• **WHAT IS REQUIRED**
Every line from the one with "Maui Jim Mj0407s Black Sunglasses - Black" through the last line below should be repeated exactly; pictures stay out of the copy.

• **DATA EXCERPT**
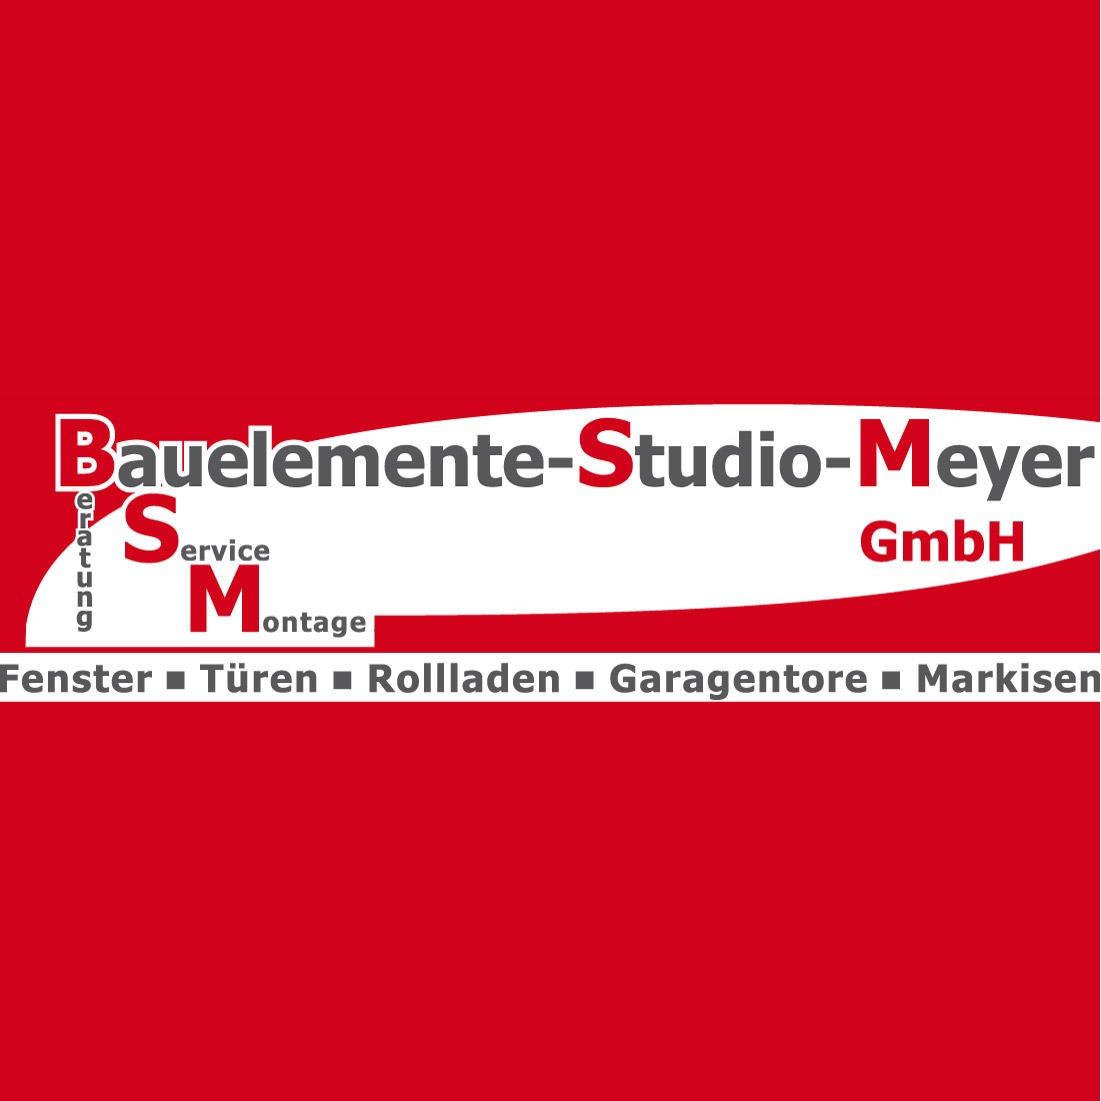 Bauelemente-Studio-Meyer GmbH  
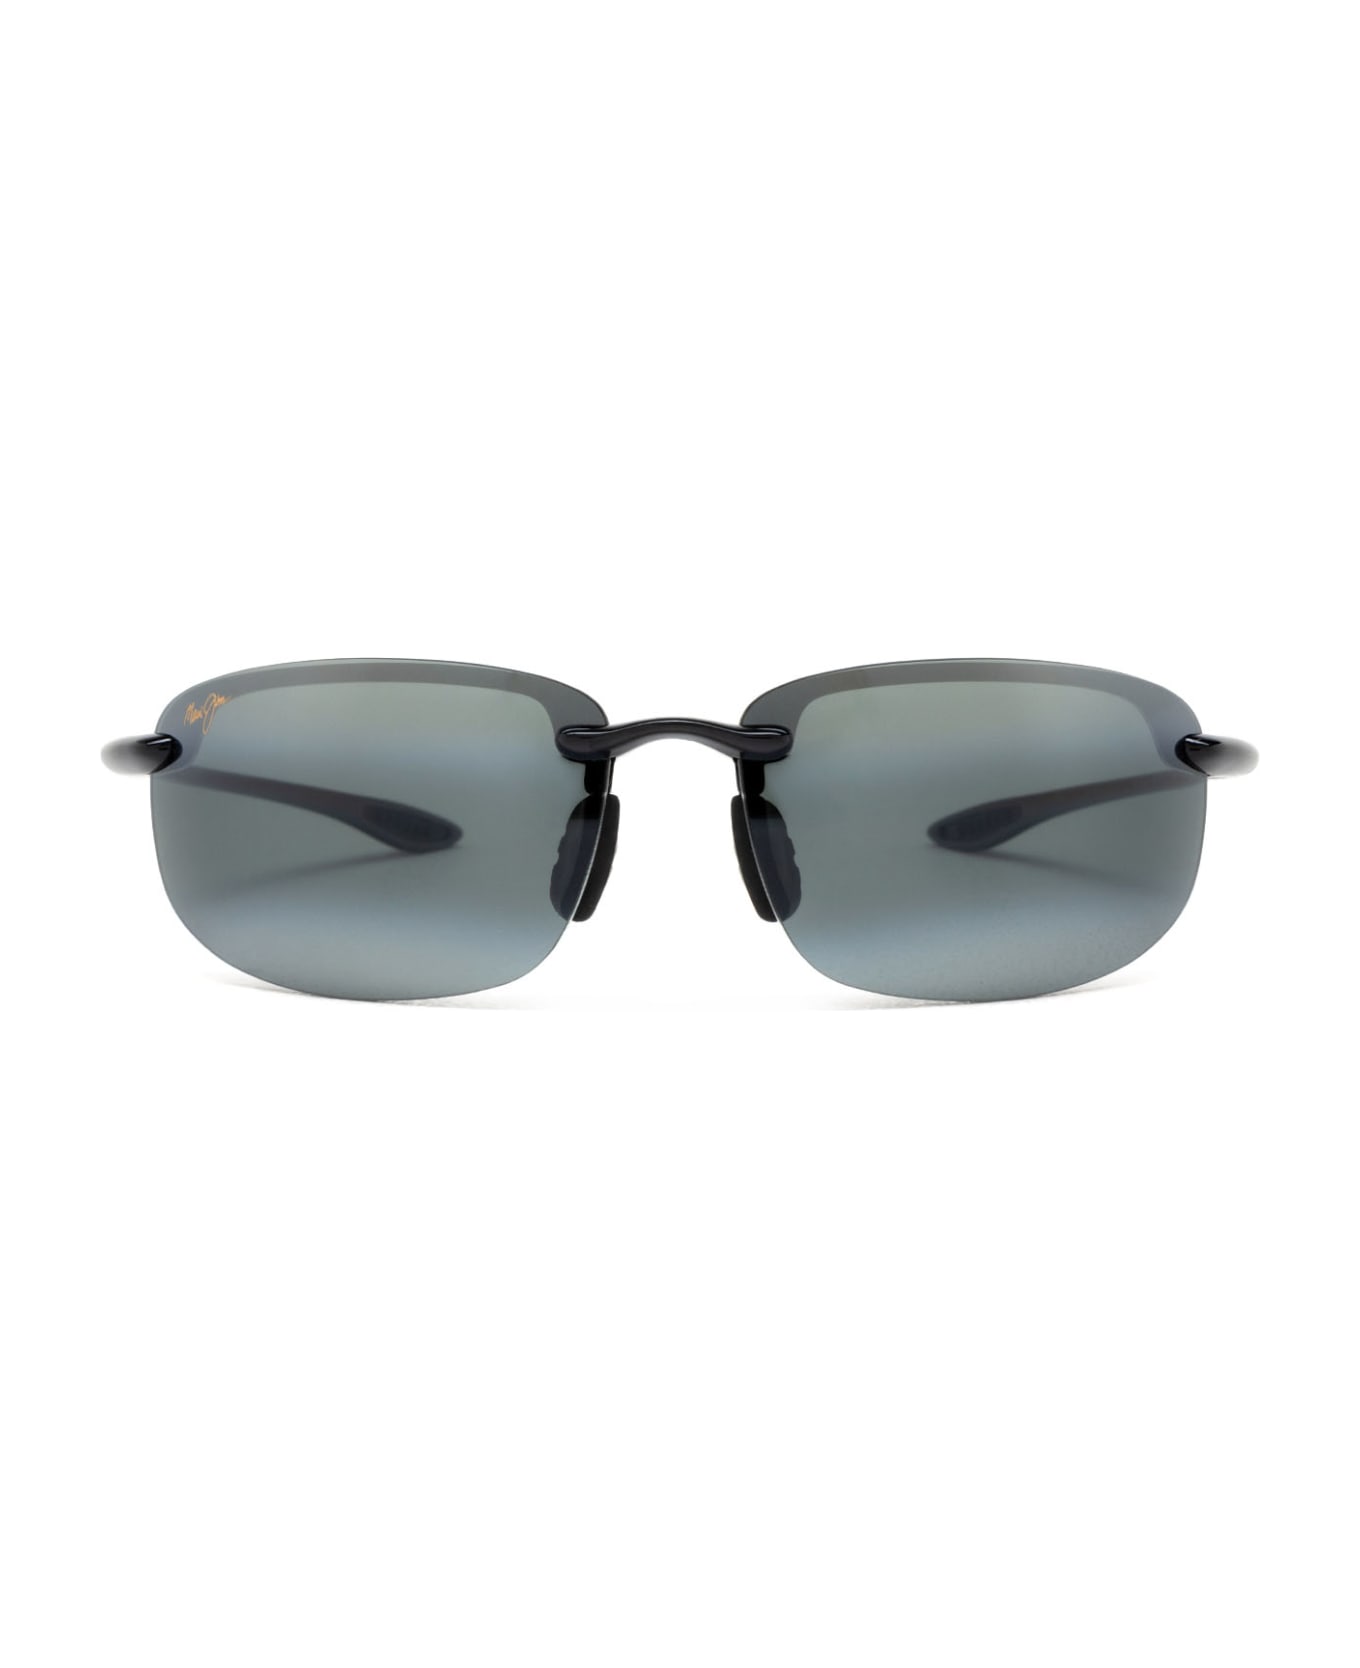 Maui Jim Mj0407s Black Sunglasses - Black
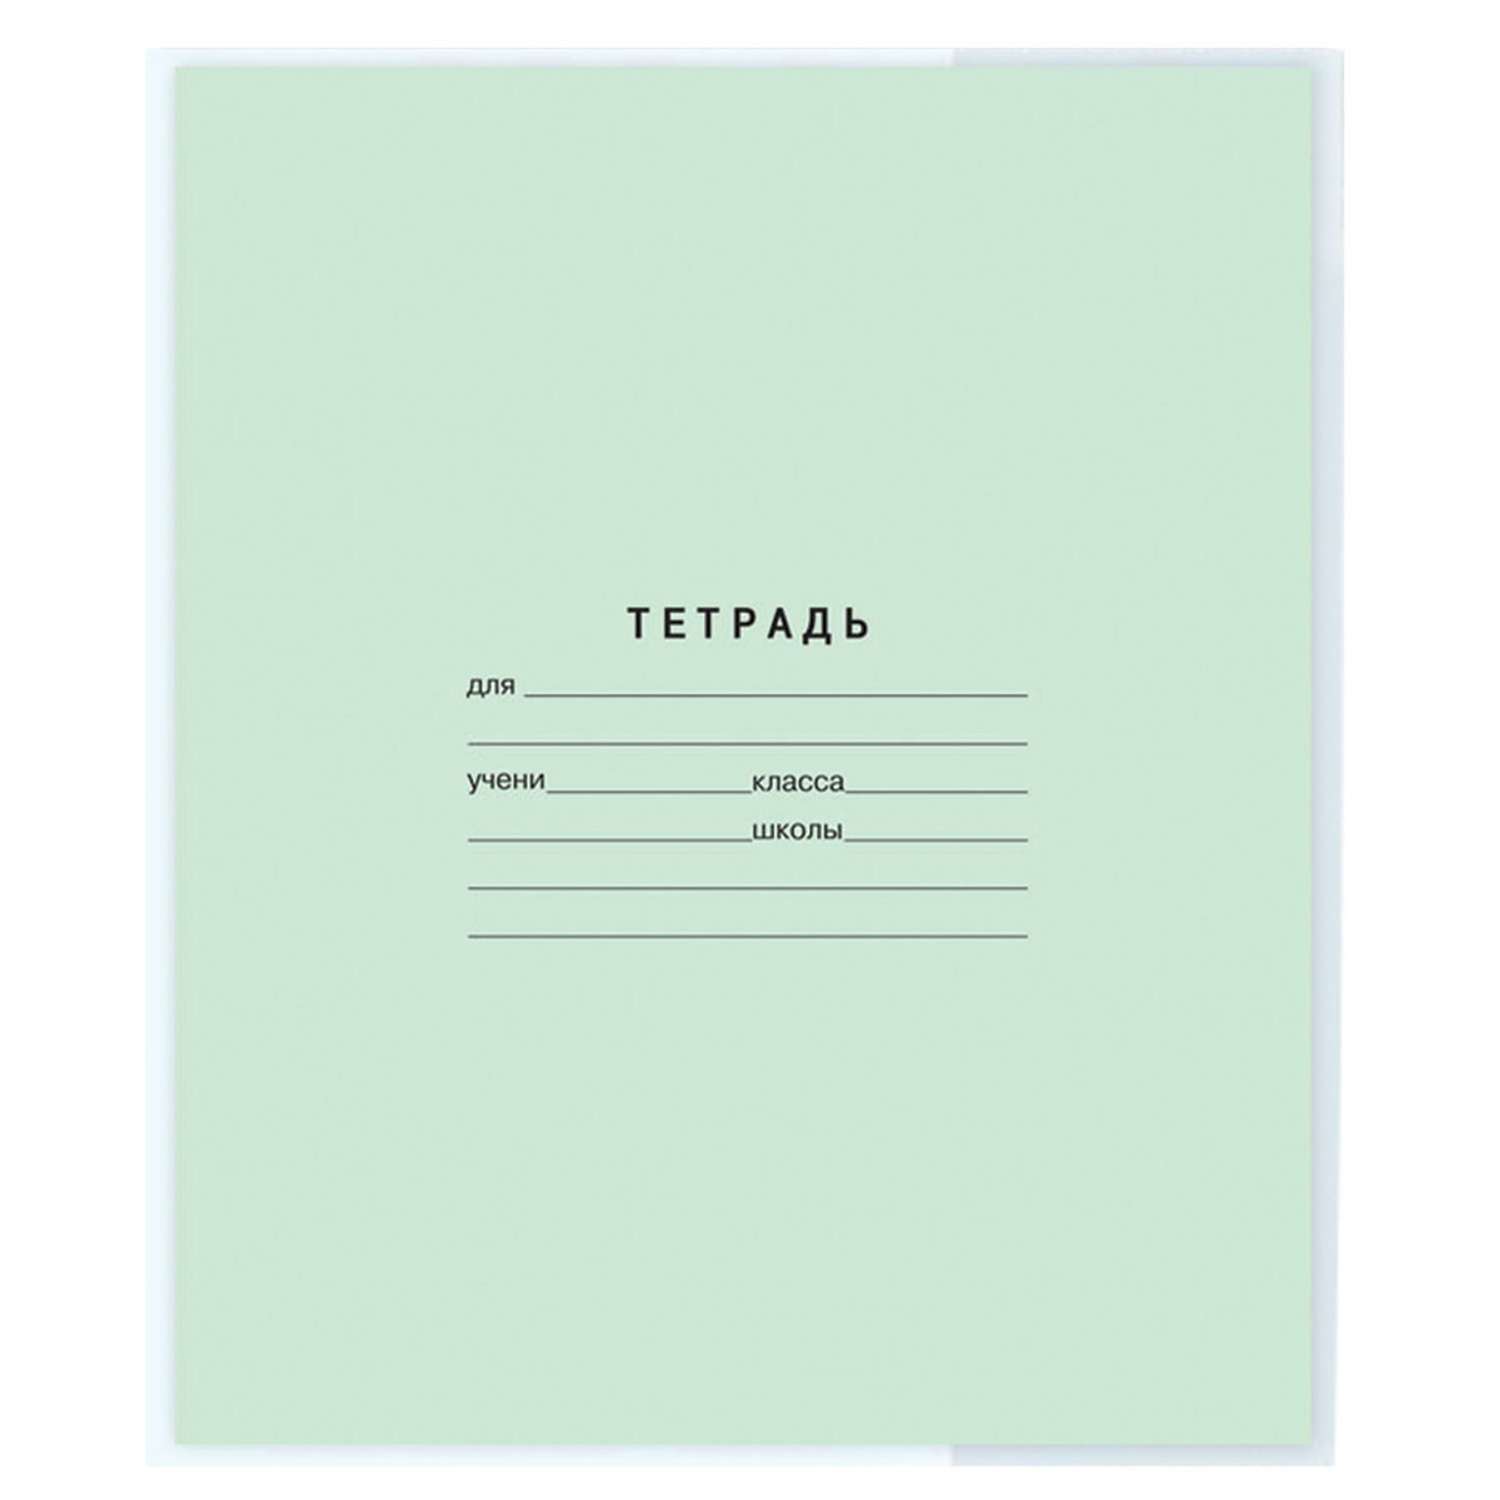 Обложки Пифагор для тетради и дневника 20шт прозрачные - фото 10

• **RESULT OF THIS EXERCISE**
 Maui Jim Mj0407s Black Sunglasses - Black
 Обложки Пифагор для тетради и дневника 20шт прозрачные - фото 10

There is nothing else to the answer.